Field building supports AI governance on the meta-level by raising awareness, motivating talented individuals, and enabling work through funding.
Grantmakers prioritize which work gets funded, thus heavily shaping the field and its strategies. AI governance is currently in a unique state where the majority of all work is funded by private philanthropy rather than government spending. The decisions of major funders have an outsized impact on which lines of work are promoted.
Until recently, AI governance was hardly part of public discourse, and there were only few public campaigns. This is currently changing, in part thanks to Future of Life Institute (FLI)’s open letter.
- FLI’s campaign against autonomous weapons
- Some examples of coverage of AI risk in the Economist, Time, NYT
- Statement on AI Risk, Center for AI Safety, 2023
- The theory of change of the existential risk observatory, Otto, 2021
Allan Dafoe writes in AI Governance: Opportunity and Theory of Impact:
Given the value I see in each of the superintelligence, ecology, and GPT perspectives, and our great uncertainty about what dynamics will be most critical in the future, I believe we need a broad and diverse portfolio. To offer a metaphor, as a community concerned about long-term risks from advanced AI, I think we want to build a Metropolis---a hub with dense connections to the broader communities of computer science, social science, and policymaking---rather than an isolated Island.
Scouting and training talent
My current impression of the current main talent pipeline:
- You become interested in risks from AI and take part in a reading group or join BlueDot Impact’s AI Safety Fundamentals: governance track.
- You test fit in one of the (fairly competitive) summer opportunities such as ERA, CHERI, or SERI.
- You join a longer fellowship such as the EU tech policy fellowship, GovAI’s summer or winter fellowship, or Open Philanthropy’s tech policy fellowship.
- You begin working in academia, in industry, for a think tank, or for government.
Other options to prepare for full-time work in AI governance include various PhDs, research assistant roles, or internships at policy institutions.
If you are planning to get involved, apply for 80,000 hours' career advice.
Some areas I would like to see
Training advanced AI systems requires large amounts of data that are usually scraped from the internet. The current legal situation for what data may and may not be used is unclear, and AI companies could be sued to hold them liable and restrict the data they can use in the future.
- DeepMind is being sued for mishandling protected medical data
- Stable Diffusion and Midjourney are being sued by artists for producing derivative works
- Copilot is being sued for reciting code without stating the authors
- Reclaiming the Digital Commons: A Public Data Trust for Training Data, Chan et al., 2023
Bounties and Whistleblower protection
By announcing bounties, one could incentivize speaking out publicly about irresponsible decisions at AI labs or governments.

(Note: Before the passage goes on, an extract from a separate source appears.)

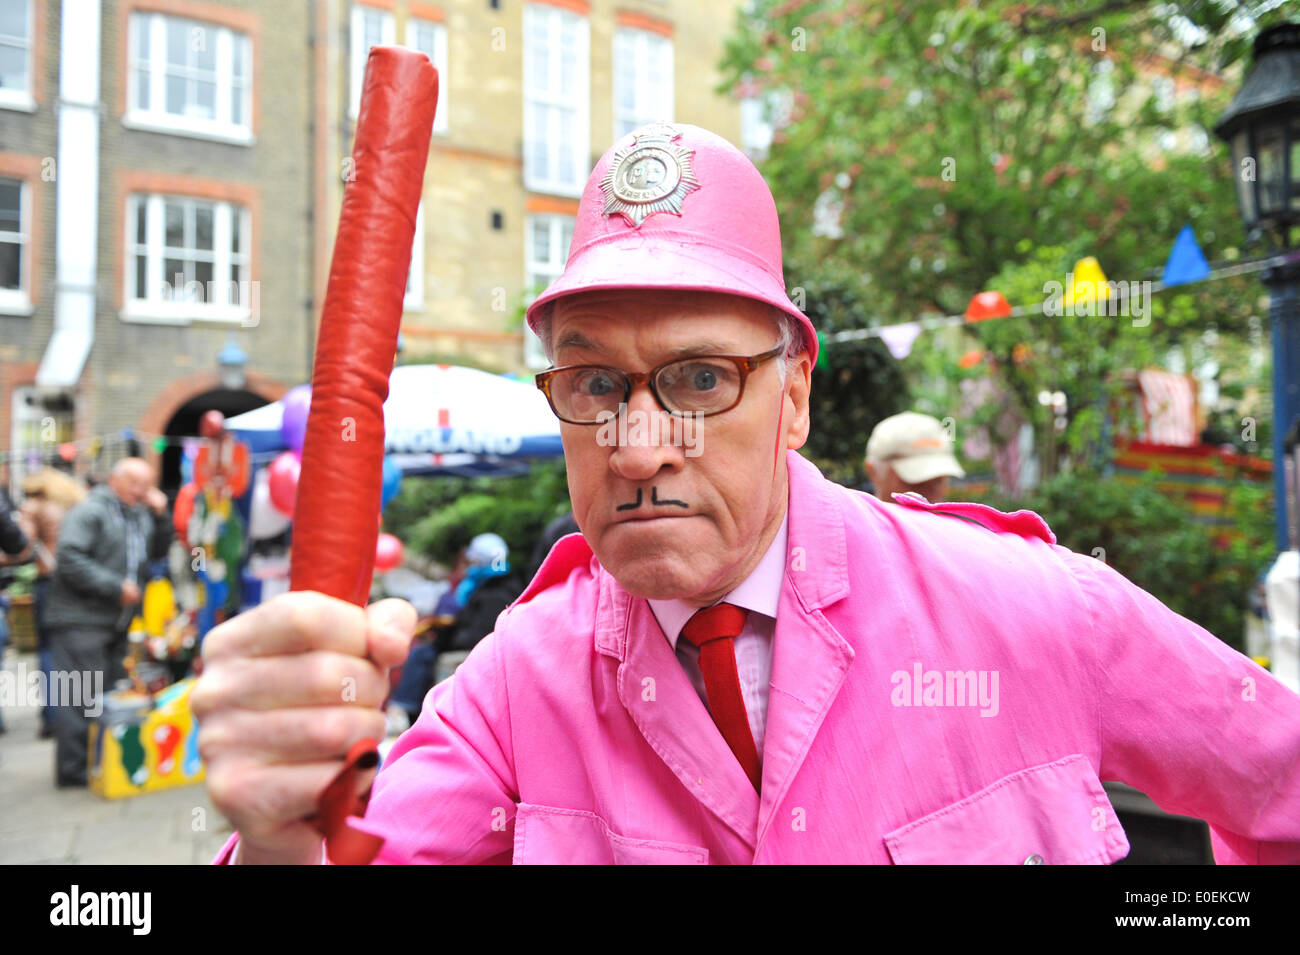 Covent Garden, Londres, Royaume-Uni. 11 mai 2014. Un policier en service au Peut Fayre à Covent Garden. Crédit : Matthieu Chattle/Alamy Live News Banque D'Images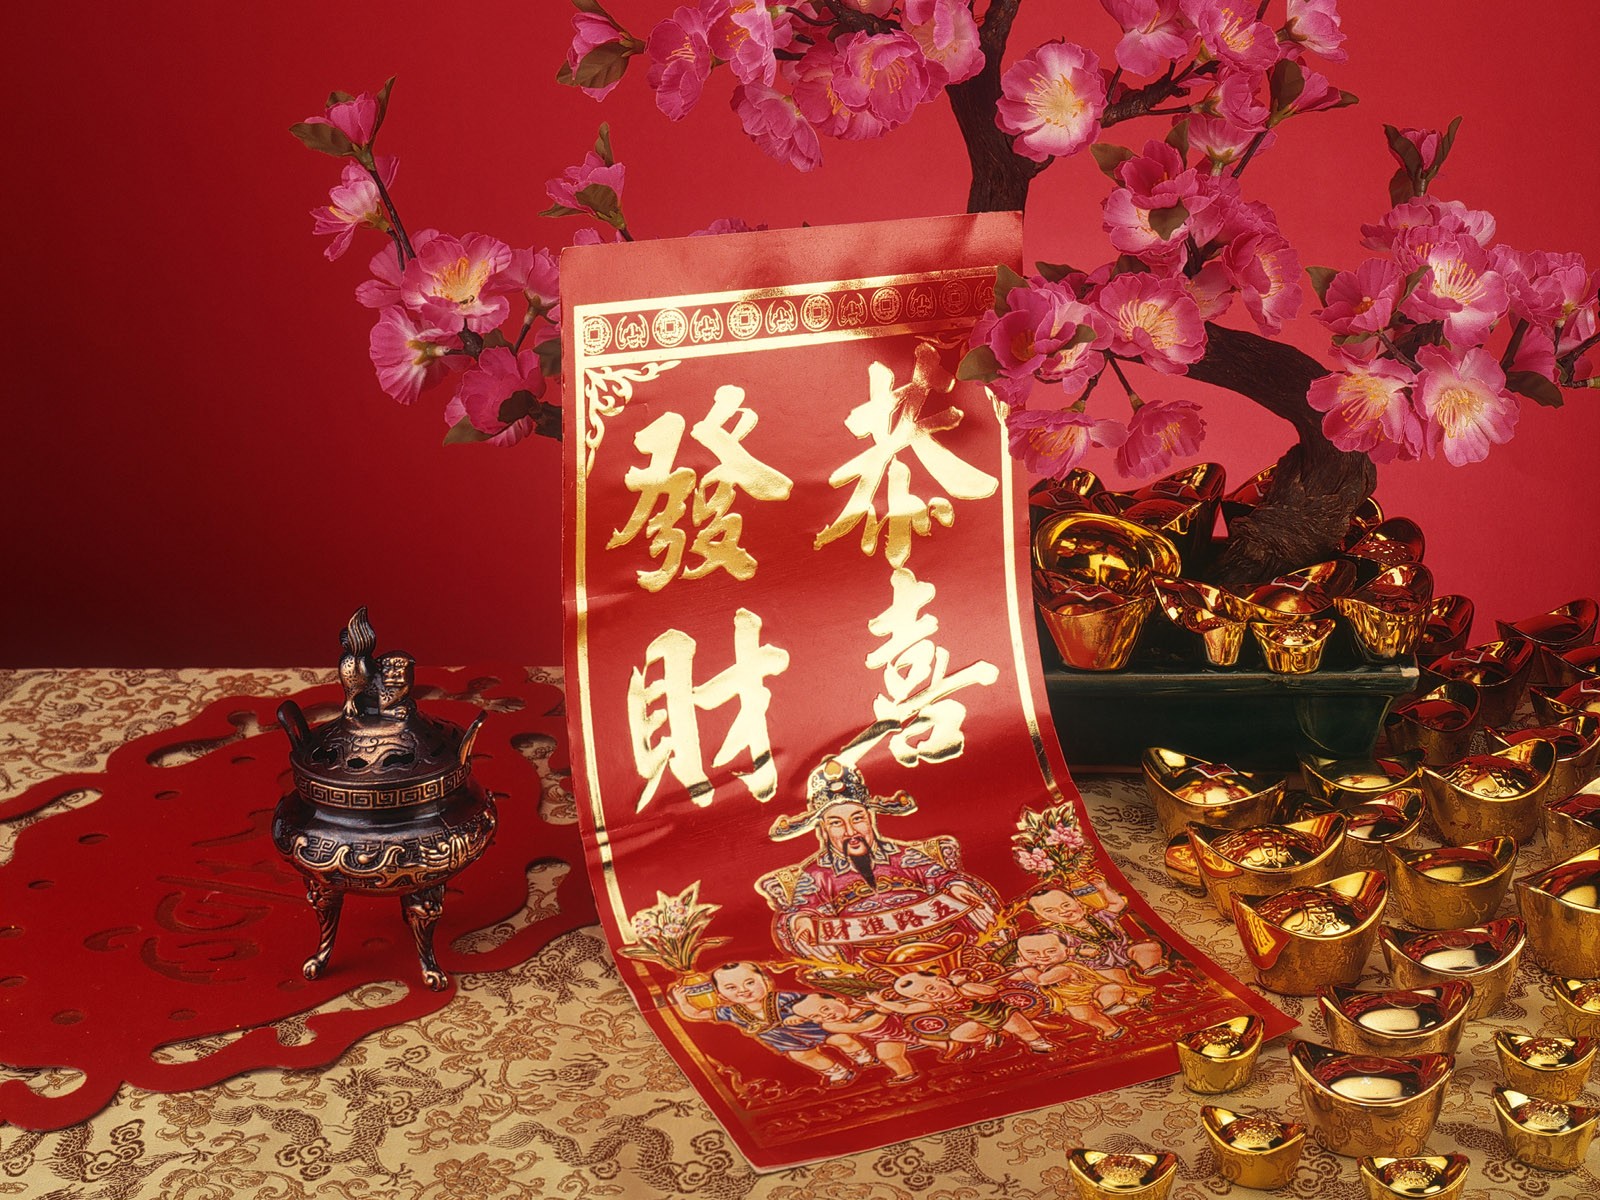 Vent de la Chine papier peint rouge festive #50 - 1600x1200

(This idea is not original, I don’t remember where I first heard it, potentially here.)
Projecting the field
My current impression is that AI governance will get much broader in the coming years as more and more different interest groups join the debate due to AI increasingly leading to transformative economic applications, job losses, disinformation, and automation of critical decisions. This will bring many new perspectives into the field but also make it more difficult to understand which incentives different people or organizations will follow.
If you’d like to learn more about AI governance, apply to the AI Safety Fundamentals: Governance Track, a 12-week, part-time fellowship before June 25.
If you are seriously considering starting work in AI governance, apply to 80,000 hours' career advice.
Thank you to everyone who provided feedback!
E.g., if the Chinese government anticipates the US developing AGI in the coming years, they might risk great power conflict to stop them.